## Problem
Lines with the word "Stock" in them are the ones to copy from the records.

Dataset below:

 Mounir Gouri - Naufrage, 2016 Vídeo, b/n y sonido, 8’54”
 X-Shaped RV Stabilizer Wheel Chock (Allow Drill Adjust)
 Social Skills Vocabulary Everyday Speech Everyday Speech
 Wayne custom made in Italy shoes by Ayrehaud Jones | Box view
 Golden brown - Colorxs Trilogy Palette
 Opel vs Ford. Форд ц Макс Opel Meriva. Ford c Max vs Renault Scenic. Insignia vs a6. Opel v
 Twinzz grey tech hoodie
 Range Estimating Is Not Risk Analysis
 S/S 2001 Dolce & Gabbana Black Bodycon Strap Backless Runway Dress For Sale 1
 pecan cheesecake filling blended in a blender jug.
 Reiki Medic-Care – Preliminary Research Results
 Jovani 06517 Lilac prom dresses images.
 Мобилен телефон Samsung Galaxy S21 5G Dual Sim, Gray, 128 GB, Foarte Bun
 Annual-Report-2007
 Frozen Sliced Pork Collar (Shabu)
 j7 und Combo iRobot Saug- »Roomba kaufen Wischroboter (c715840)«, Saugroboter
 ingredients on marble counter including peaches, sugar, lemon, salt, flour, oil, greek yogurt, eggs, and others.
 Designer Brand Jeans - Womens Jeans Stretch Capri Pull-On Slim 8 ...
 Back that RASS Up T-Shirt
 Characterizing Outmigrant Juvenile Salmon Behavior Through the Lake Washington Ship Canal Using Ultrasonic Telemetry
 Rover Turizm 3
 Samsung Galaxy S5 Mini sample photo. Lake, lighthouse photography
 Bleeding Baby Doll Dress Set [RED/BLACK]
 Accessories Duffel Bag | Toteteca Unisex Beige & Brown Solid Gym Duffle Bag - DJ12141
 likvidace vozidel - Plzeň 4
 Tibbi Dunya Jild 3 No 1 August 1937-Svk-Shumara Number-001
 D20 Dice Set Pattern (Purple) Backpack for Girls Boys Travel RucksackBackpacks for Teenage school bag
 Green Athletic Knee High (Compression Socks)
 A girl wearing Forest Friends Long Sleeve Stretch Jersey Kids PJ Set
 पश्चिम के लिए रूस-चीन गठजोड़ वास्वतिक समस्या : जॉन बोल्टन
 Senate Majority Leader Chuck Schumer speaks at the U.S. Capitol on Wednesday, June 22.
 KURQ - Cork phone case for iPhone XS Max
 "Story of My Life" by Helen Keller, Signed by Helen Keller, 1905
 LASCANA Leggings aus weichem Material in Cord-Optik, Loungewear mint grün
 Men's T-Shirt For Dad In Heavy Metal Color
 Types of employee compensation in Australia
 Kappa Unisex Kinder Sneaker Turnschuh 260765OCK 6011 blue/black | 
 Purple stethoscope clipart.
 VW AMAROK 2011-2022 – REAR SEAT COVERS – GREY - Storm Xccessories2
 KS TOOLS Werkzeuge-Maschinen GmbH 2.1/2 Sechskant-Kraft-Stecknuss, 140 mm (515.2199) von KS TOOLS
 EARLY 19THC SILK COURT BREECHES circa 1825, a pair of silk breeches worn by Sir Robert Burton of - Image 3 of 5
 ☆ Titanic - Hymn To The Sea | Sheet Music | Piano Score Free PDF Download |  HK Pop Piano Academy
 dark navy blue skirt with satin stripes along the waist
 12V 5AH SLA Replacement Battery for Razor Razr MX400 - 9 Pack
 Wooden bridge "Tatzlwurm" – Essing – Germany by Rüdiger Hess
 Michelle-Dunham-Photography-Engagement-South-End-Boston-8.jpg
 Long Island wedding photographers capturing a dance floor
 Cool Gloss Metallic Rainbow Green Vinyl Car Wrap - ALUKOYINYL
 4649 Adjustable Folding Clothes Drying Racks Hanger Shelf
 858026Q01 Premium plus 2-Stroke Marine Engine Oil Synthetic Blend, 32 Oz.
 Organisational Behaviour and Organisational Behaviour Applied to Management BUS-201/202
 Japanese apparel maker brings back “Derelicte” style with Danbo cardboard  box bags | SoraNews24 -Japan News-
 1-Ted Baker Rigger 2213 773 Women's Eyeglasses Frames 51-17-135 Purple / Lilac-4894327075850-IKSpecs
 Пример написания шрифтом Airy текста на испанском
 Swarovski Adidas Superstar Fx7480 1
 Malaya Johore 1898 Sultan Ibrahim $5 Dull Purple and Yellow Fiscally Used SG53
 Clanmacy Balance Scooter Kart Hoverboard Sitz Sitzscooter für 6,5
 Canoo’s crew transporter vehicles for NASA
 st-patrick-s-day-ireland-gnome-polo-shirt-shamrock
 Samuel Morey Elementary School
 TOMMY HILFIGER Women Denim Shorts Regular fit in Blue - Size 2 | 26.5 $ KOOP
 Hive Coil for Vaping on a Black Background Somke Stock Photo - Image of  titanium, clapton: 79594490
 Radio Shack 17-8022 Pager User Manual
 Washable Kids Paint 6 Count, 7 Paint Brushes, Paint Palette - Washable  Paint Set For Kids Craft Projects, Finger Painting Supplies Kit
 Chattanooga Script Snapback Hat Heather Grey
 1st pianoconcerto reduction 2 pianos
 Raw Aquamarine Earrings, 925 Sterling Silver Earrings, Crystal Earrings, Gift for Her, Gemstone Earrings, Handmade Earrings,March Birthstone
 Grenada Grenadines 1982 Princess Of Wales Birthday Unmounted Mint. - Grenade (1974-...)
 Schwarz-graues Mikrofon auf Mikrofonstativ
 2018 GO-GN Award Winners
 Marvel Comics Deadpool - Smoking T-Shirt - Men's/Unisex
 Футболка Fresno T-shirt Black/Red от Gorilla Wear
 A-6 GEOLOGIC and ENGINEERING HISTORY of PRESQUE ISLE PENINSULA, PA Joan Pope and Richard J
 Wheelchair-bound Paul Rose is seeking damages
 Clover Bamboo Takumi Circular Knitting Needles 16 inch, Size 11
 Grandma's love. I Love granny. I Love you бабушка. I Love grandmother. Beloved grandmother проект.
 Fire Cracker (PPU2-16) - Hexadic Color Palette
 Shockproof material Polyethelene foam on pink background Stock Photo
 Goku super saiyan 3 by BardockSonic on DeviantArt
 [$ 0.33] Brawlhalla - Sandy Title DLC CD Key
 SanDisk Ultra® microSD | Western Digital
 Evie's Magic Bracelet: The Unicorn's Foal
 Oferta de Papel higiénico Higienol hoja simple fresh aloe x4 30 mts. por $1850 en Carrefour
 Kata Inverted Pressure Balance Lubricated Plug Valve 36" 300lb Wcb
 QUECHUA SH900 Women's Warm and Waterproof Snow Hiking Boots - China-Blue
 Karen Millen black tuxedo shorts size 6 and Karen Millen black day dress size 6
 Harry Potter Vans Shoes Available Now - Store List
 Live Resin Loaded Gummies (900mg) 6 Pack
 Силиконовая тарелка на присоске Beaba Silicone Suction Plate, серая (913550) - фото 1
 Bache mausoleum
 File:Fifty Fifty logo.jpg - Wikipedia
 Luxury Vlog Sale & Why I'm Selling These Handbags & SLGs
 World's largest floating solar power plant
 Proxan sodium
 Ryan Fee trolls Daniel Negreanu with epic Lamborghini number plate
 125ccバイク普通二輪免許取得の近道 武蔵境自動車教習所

End of Dataset.

## Output below
 Hive Coil for Vaping on a Black Background Somke Stock Photo - Image of  titanium, clapton: 79594490
 Shockproof material Polyethelene foam on pink background Stock Photo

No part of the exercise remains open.